We turn the Sword Spotlight on Sam Omidi, who recently joined the Energy team as a Data Scientist. Here he talks us through a little background and reflections on his first few months with Sword.
“I think the most surprising thing I’ve learned is that I’m not a fake data scientist among real ones. They call them unicorns for a reason. I can now say with confidence that I can code and I do know software development lifecycle and statistics. Without these skills, life as a data scientist would be difficult and one would struggle a lot. In general, people have their strengths and experience in one or two things and are weaker at others. I now believe a data scientist needs to know more than just a couple of things. They need to know how to handle out-of-memory errors, data structures, and expectation maximization or where heteroscedasticity is coming from.
“I switched into a focus on data science and machine learning during my final year project in my bachelor degree by working on a data mining project and social network analysis. This interest truly materialised when I got Masters in Data Science.
“I joined Sword three months ago as I found the team very passionate about their work. Also, the projects they are working on are very unique and exciting.
“I got heavily involved in my first week with designing a data pipeline and evaluating various novelty detection algorithm, along with my lead. It has been absolutely fantastic seeing myself hitting the ground running from the start and feeling part of the team immediately.
“Additionally, in the subsequent projects I had a chance to boost my knowledge about neural networks and focus my research on them, developing more in-depth understanding.
“A typical day for me starts around 8:00am, when I catch up on my social media accounts related to machine learning and data science. I switch into work projects around 8:30am and finish around 5:00pm with a break for lunch.

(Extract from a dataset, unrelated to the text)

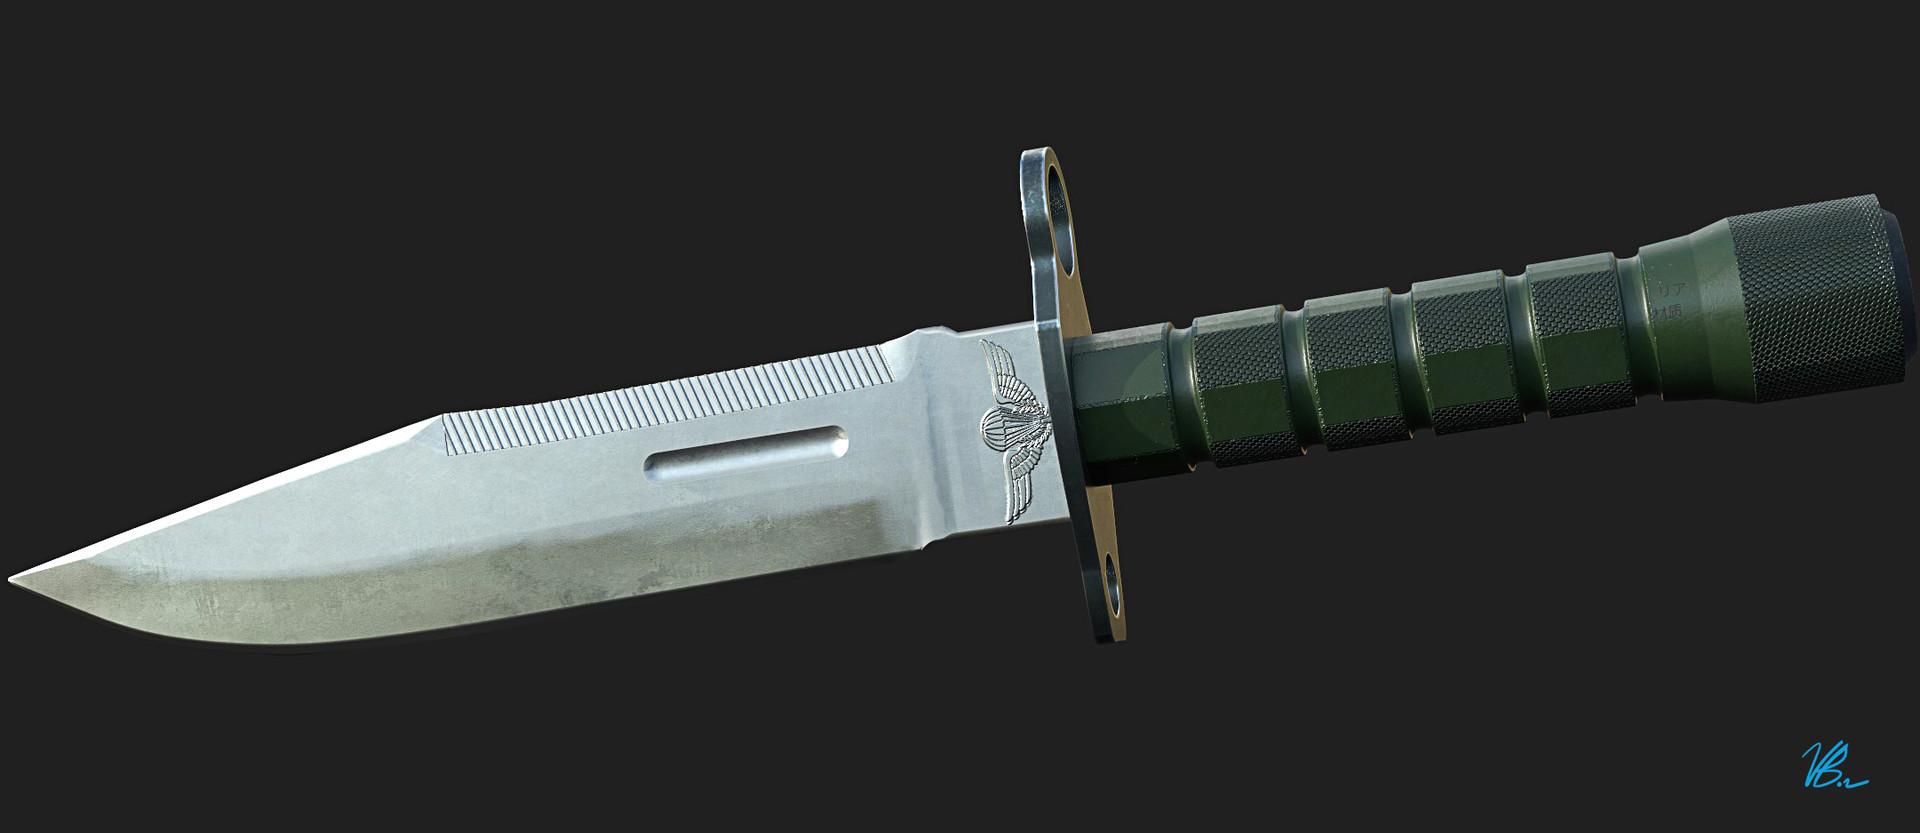 Vitor borsato phrobis knife 03 final

About 40% of my time is spent on research and development, with a strong focus in mathematics to be able to understand what is actually happening under the hood of every algorithm that might be a good candidate for our project. The work involves anything from developing and testing new algorithms to writing mathematical proofs to simplify data problems.

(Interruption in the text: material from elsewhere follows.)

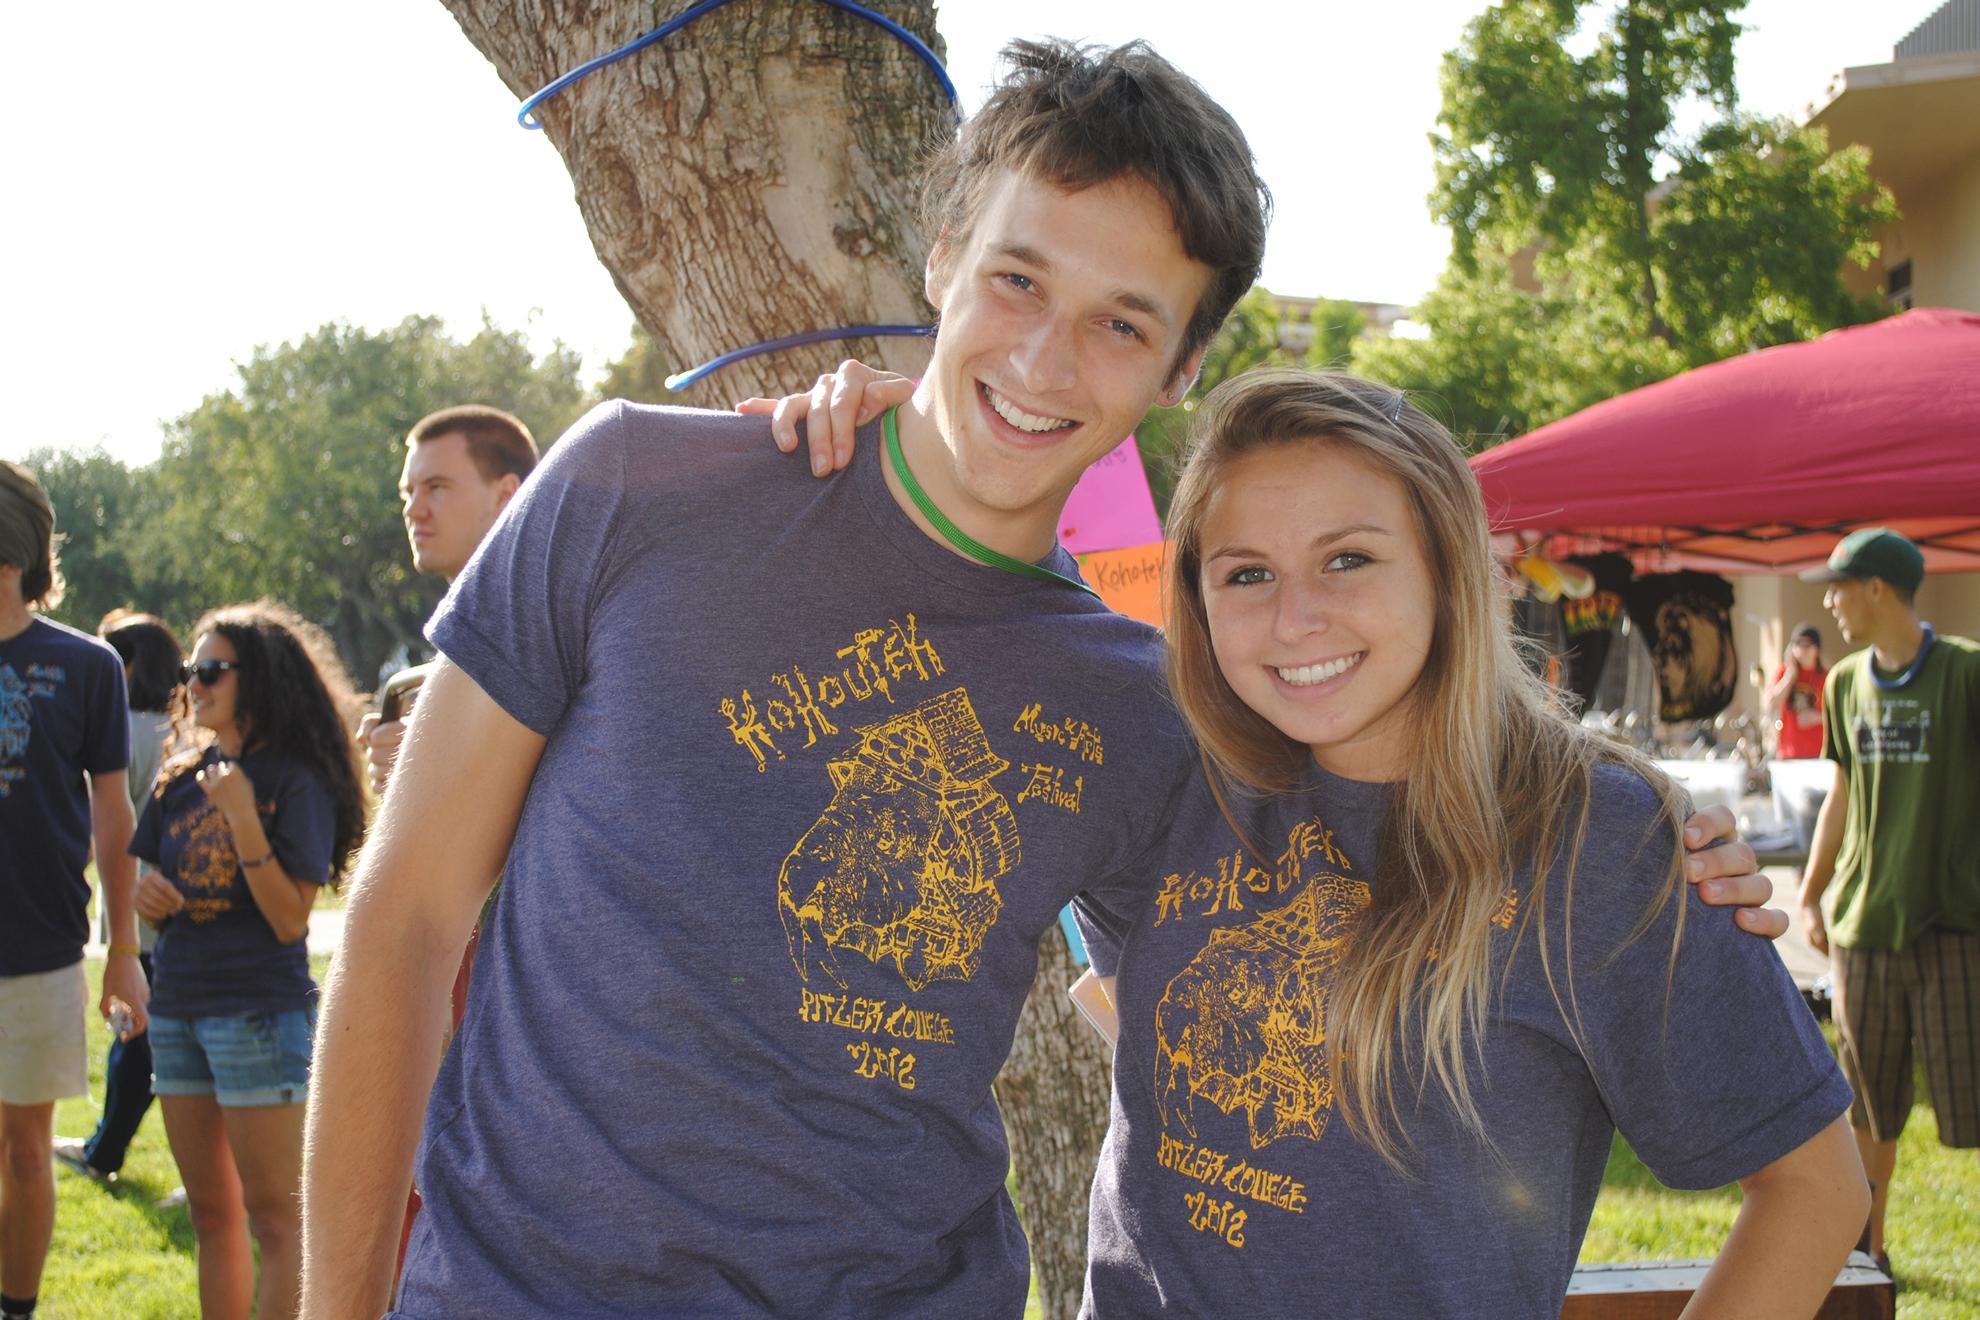 2012 - Students in Kohoutek t-shirts

“Another 30% of my time is spent on research about best coding practice in data science, which often identifies problems related to data capture, data pipelines or specific implementation of an algorithm with needed modifications. This is probably one of the most crucial aspects of the job. As a data scientist, it is important to communicate with a wide range of stakeholders, so it helps simplify my explanations of machine learning algorithms to a layman's level.
“The other 20% of my time is meeting with my colleagues. We discuss the projects and support each other on our tasks.
“Each project is unique, and I try to let the project and its initial findings guide me to next steps. I mainly use Python and Azure platforms for projects, though R, and SAS are occasionally helpful with specific packages or R&D requests. I can usually recycle the code, but each problem has its own assumptions and data limitations with respect to the mathematics.
“Overall, it has been a great start and I am looking forward to what the future will hold for me and the team.